SUPPLIED DATA -
********************
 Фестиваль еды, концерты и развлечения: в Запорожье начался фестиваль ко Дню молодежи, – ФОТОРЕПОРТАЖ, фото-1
********************
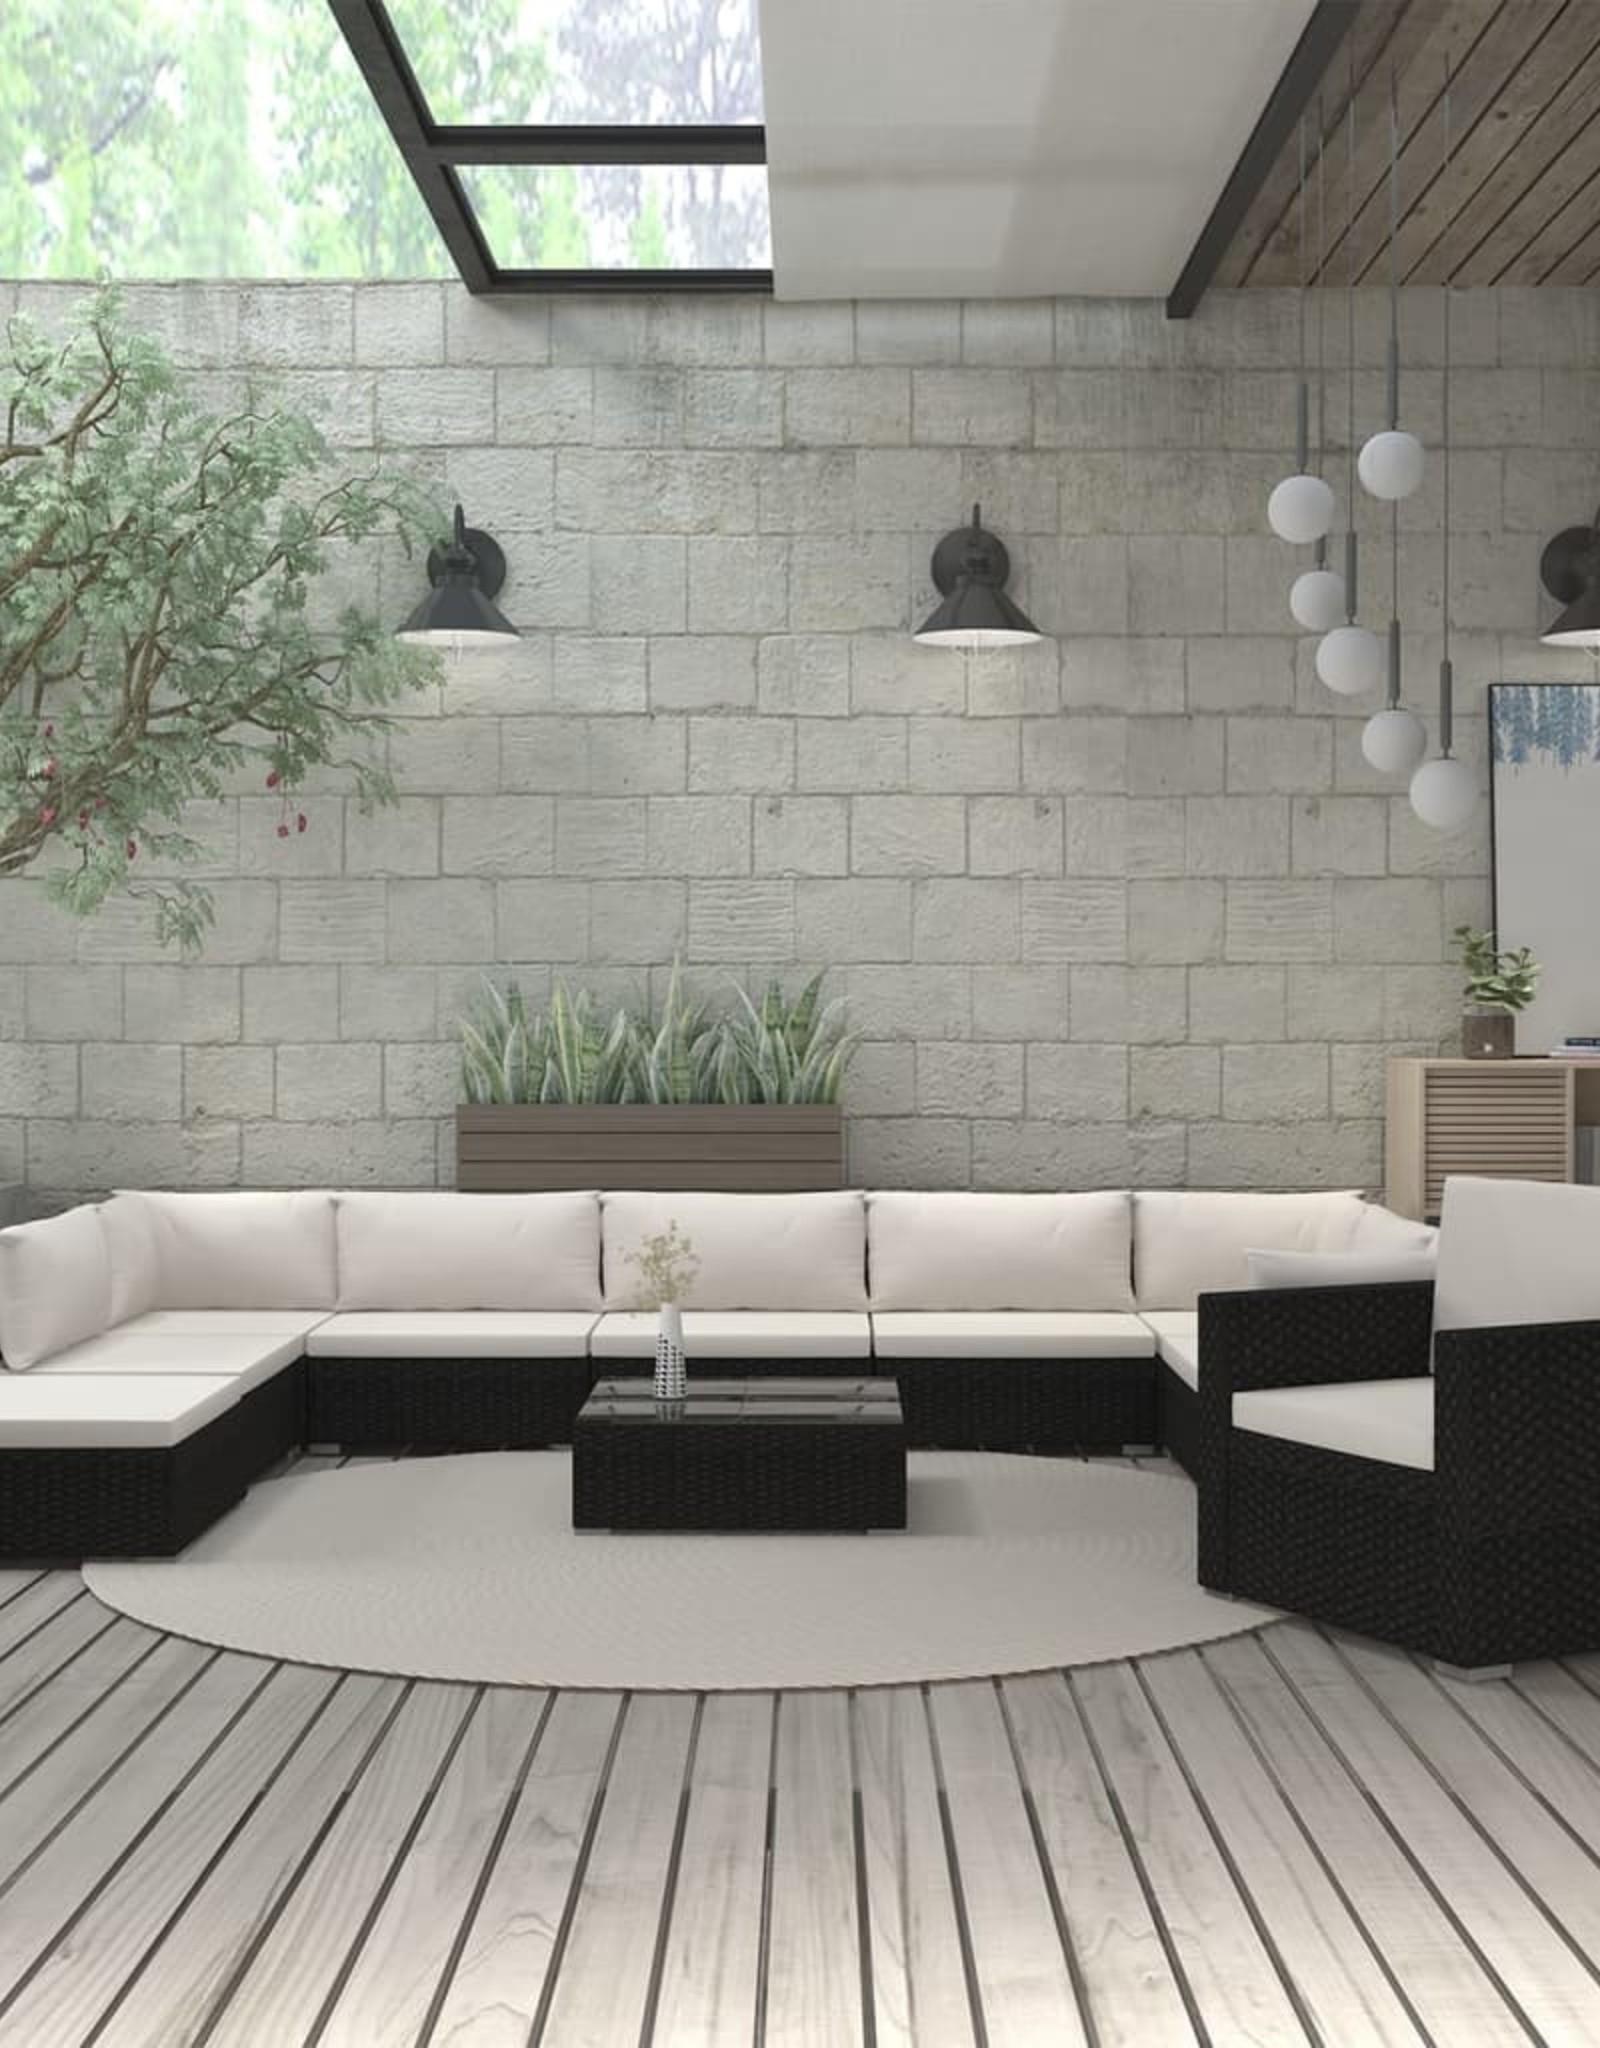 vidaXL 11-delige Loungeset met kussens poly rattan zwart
********************
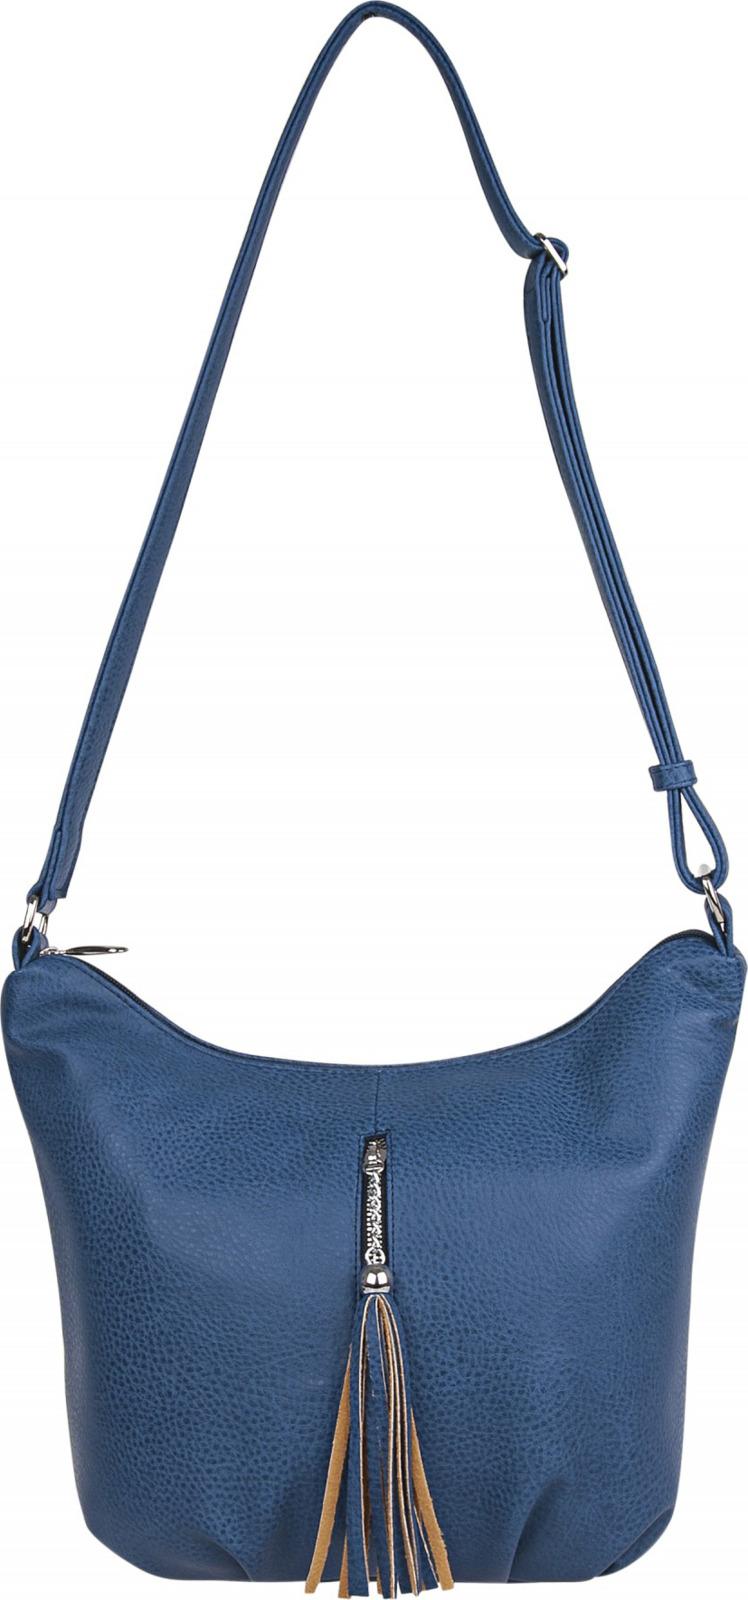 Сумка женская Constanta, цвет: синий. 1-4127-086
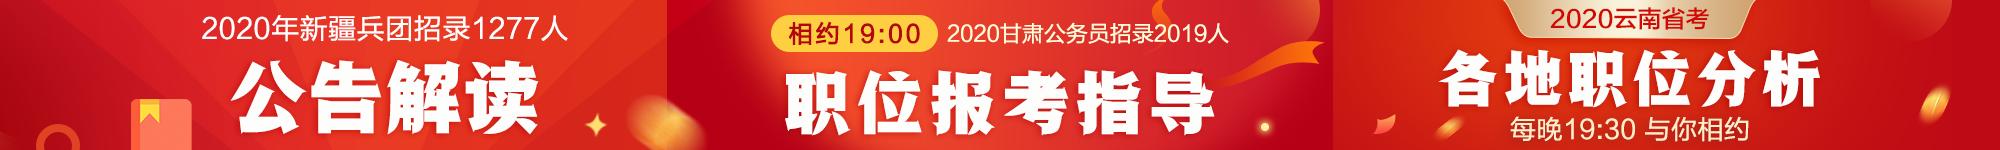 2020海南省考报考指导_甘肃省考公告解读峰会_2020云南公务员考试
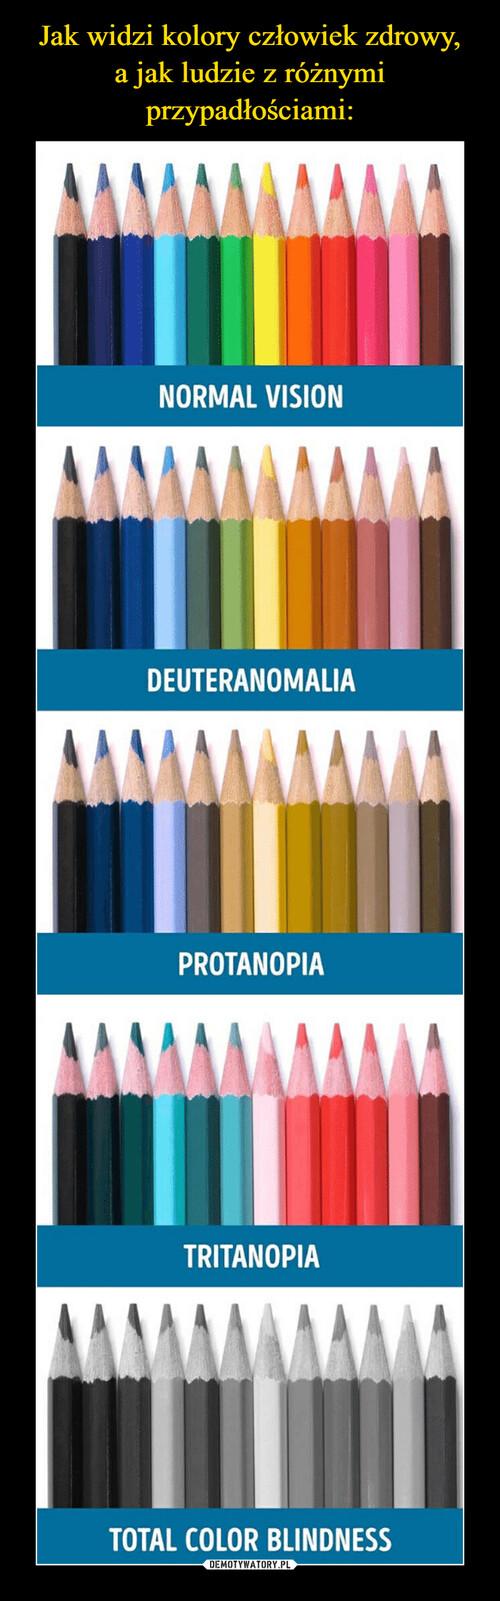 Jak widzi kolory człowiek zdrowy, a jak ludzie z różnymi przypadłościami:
********************
REQUIRED WORK - What are the lines in the records above, word for word, from the one containing "Сумка женская Constanta, цвет: синий." through the one containing "Jak widzi kolory", both ends included and pictures left out?

SOLUTION -
 Сумка женская Constanta, цвет: синий. 1-4127-086
 2020海南省考报考指导_甘肃省考公告解读峰会_2020云南公务员考试
 Jak widzi kolory człowiek zdrowy, a jak ludzie z różnymi przypadłościami:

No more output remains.